A man diagnosed with multiple sclerosis has described living with the condition – and revealed how he sometimes struggles just to get out of bed.
Greg Chatterton, 35, has been living with MS for more than a year after being diagnosed in September 2017.
He was just 33 at the time, with the condition taking its toll on his body and mind in the months since.
Greg lives with his wife Tamara, 36, in the city’s West End.
He had begun to feel unwell early in 2017.
He said: “It was my eyes basically, I noticed in my peripheral vision there was a blurriness in my left eye.
“I went to the optician and he referred me to ophthalmology at Ninewells and for a few months they were bringing me in to do tests.
“They couldn’t find anything wrong with my eyeballs.
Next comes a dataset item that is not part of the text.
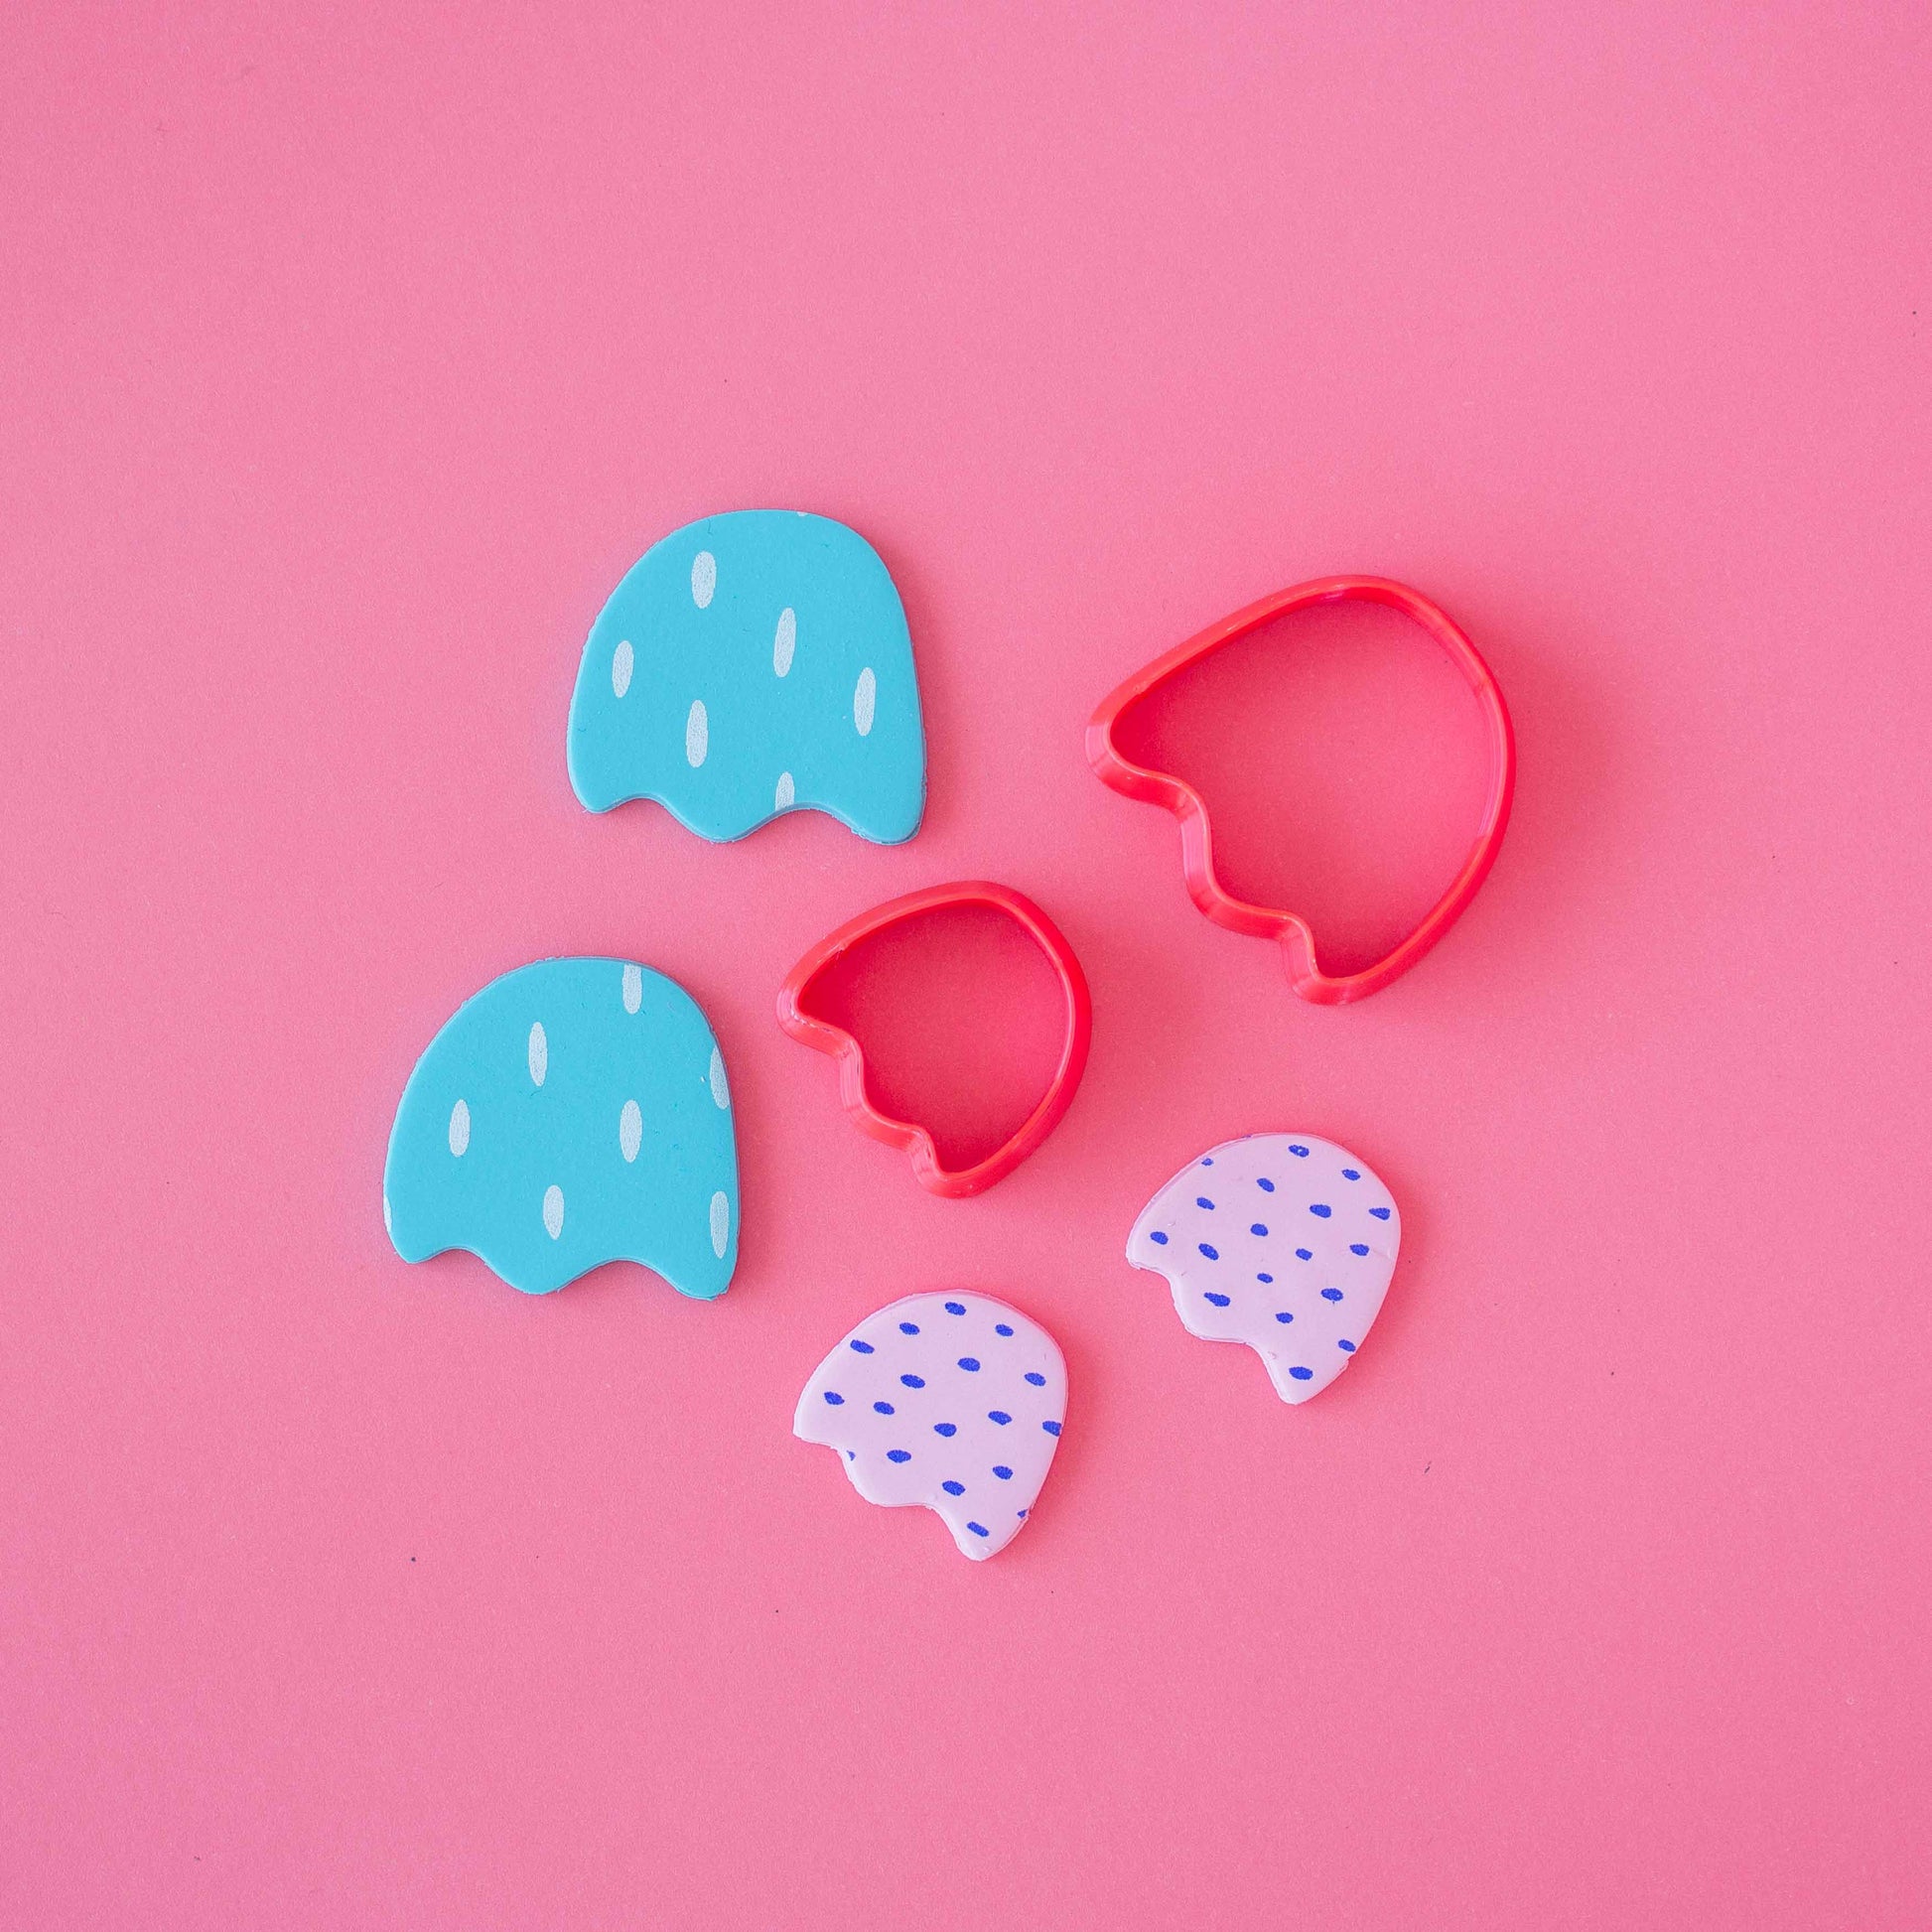 Small and big tulip polymer clay cutters surrounded by four finished pieces of tulip polymer clay earrings on a pink background.
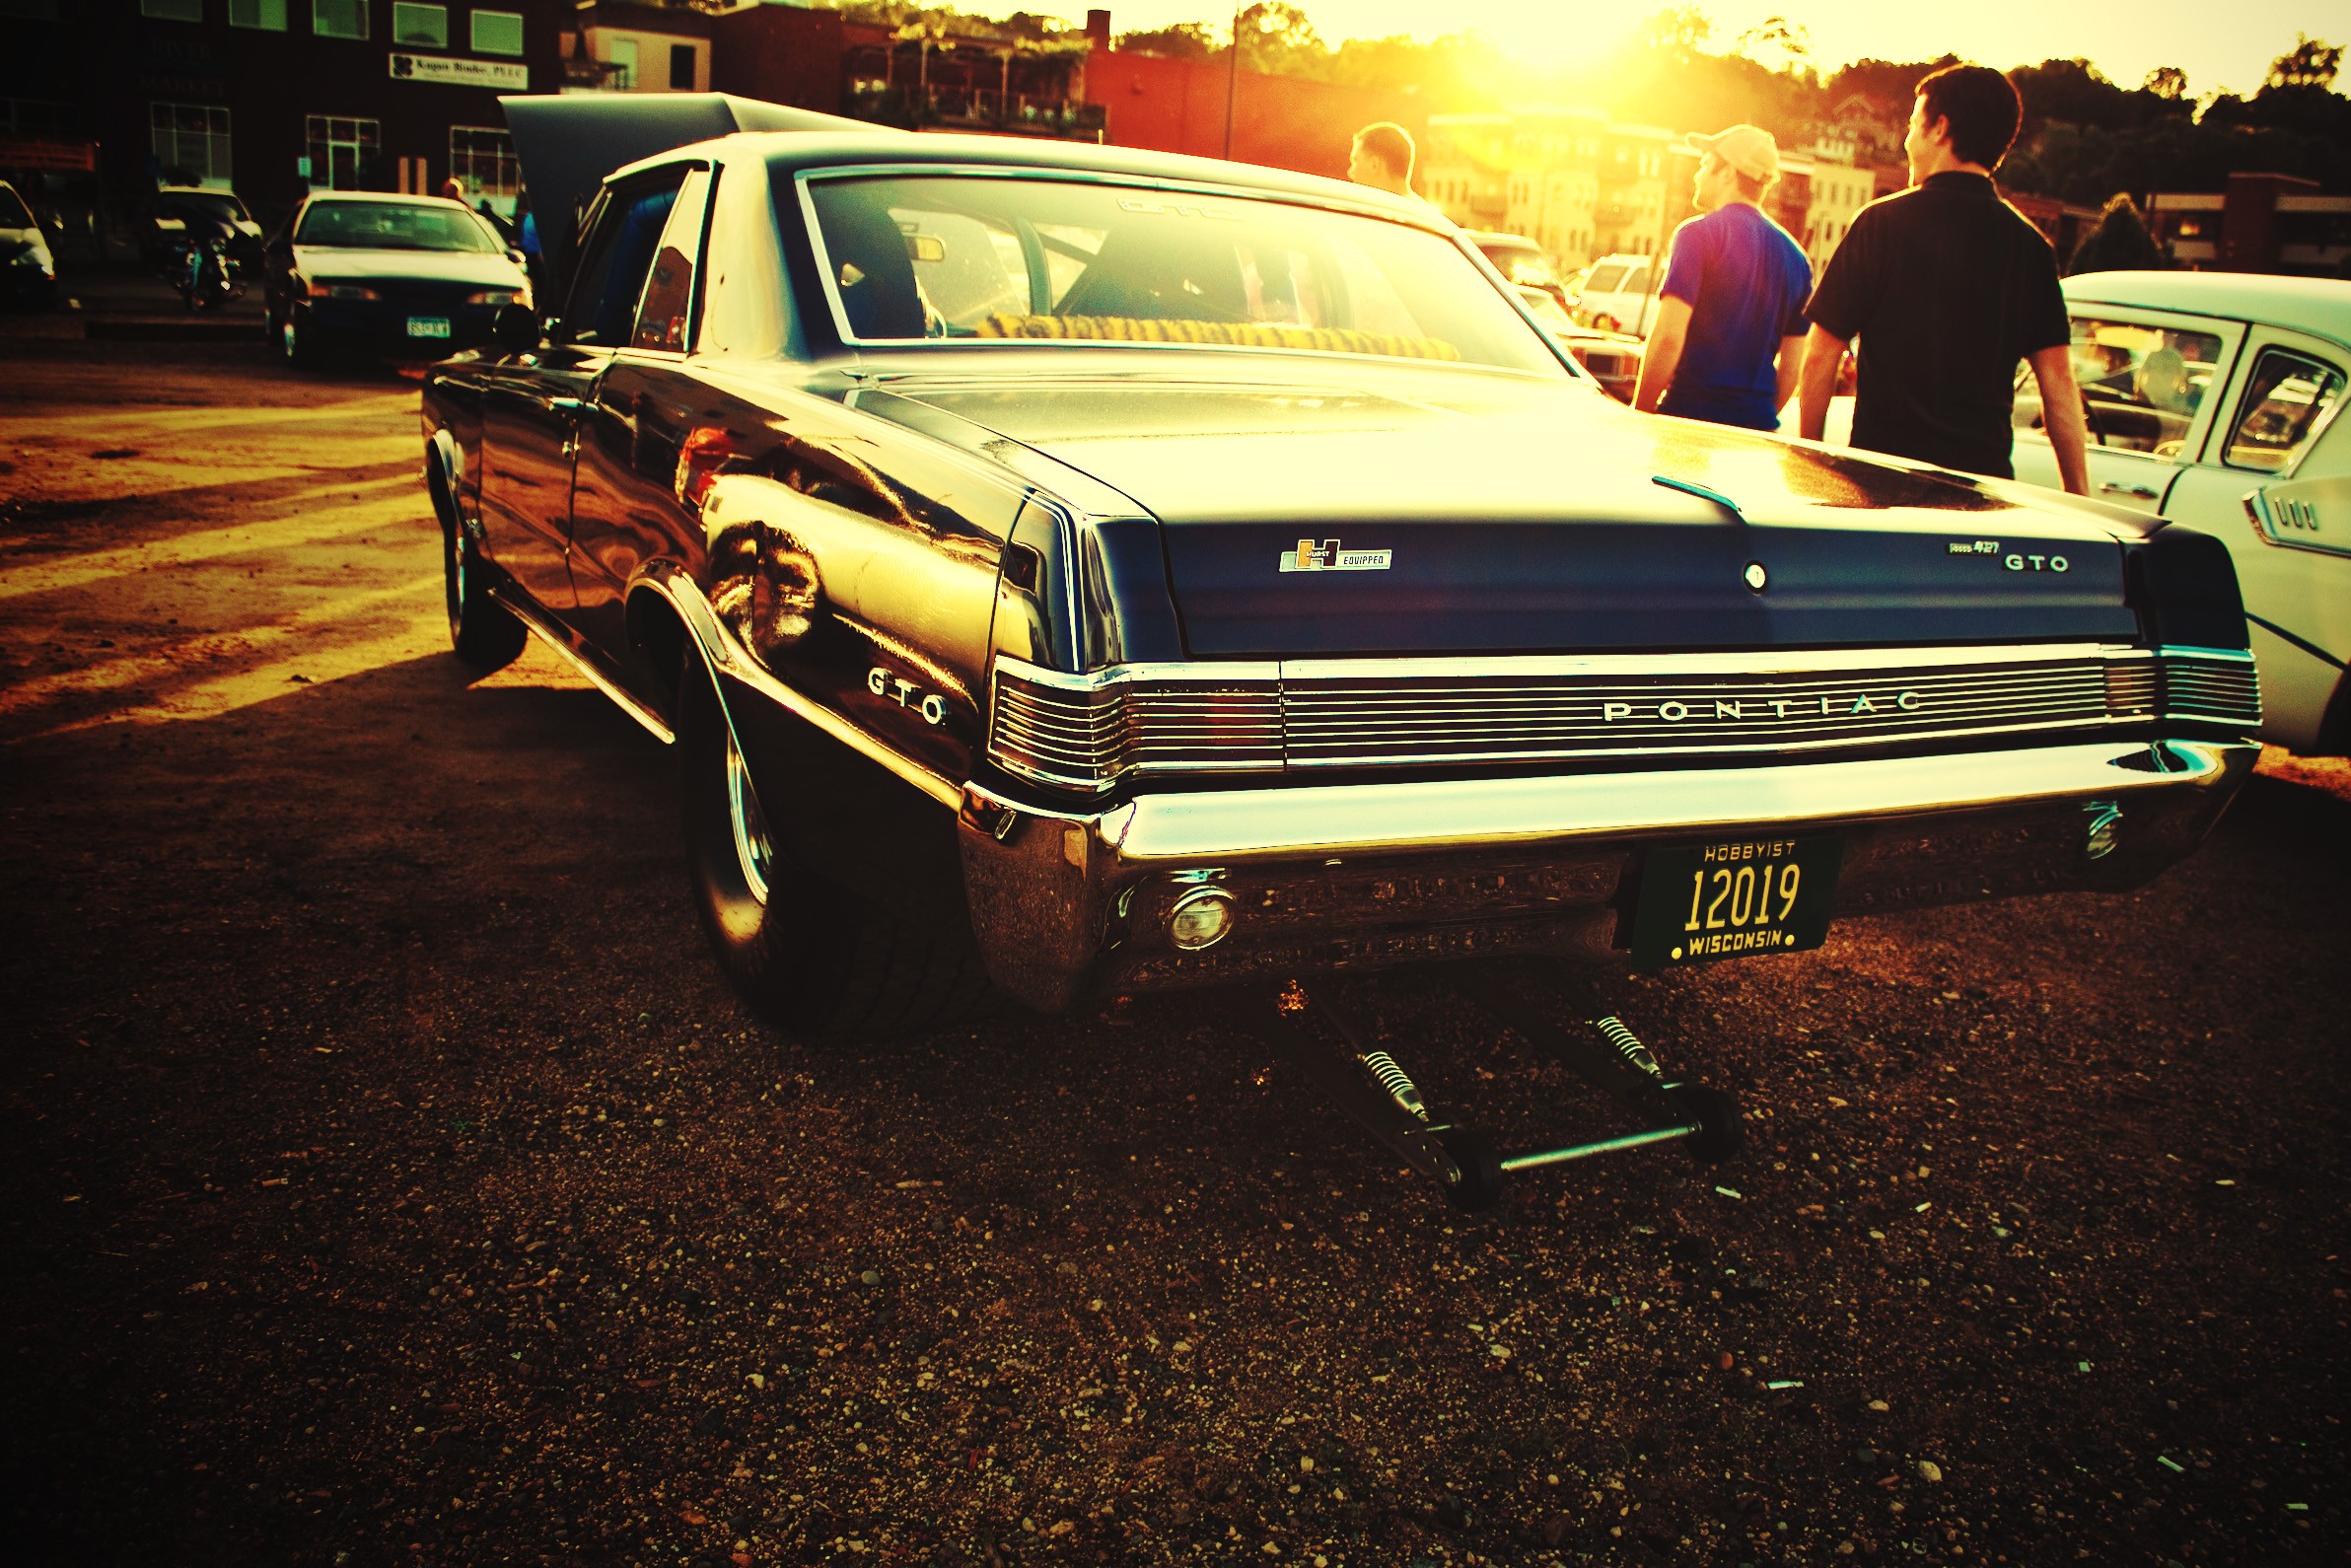 cars, photography, vehicles, Pontiac GTO, old cars, american cars, street wallpaper

I lost vision in my left eye then my right eye when my left eye got better, then in September I completely lost all vision in my left eye.”
He was sent to neurology, where he spent a week before receiving the news he had MS.
“It was a relief because my wife and I thought I might have a brain tumour,” he said.
“I was put on very strong steroids to begin with and I also had a lumbar puncture where they stuck a needle in my spine.
“I’ve got remitting relapsing MS. My symptoms come and go, some symptoms stay constantly. My left eye has never recovered, I still have a blurriness in it.
“I can’t work at the moment because I have this fatigue which is the main symptom, because that’s just continuous. It’s being so tired you can’t think properly; your cognition basically goes out the window.
“Fatigue is beyond tiredness. It’s inability to concentrate, it is an inability to do what I used to be able to do. I can wake up after a 10-hour sleep and still feel exhausted.
“I get terrible migraines as well. They start first thing, they wake me up and they are there for the rest of the day, because even though the pain has gone there’s a numbness, I call it a bruising, to the brain which lasts all day.”
As a result of his diagnosis, Greg was forced to suspend studying for his masters in philosophy and literature in Dundee.
Greg said he was lucky to have such good care so close to home at Ninewells.
He added: “It is such a good hospital for neurology and MS treatment.
“The neurologist involved is one of the best in the UK, Dr O’Riordan, he is one of the top doctors for MS. He knows exactly what he is talking about.
“I always say I’m lucky I was diagnosed here. I’m not lucky I was diagnosed with MS but if it was going to happen, here was the best place.
“The care at Ninewells, all the nurses that were working there, the day staff, the night staff, they were just fantastic.
“I came up with this term, you have to normalise the abnormal because there is no escaping it – you have to do what you can.
“They always say you have MS but your MS is not you.
“I want to get people to know and understand MS a lot more.
“Just an awareness because I’ve heard lots of horror stories about people using their blue badge. It’s a hidden illness.”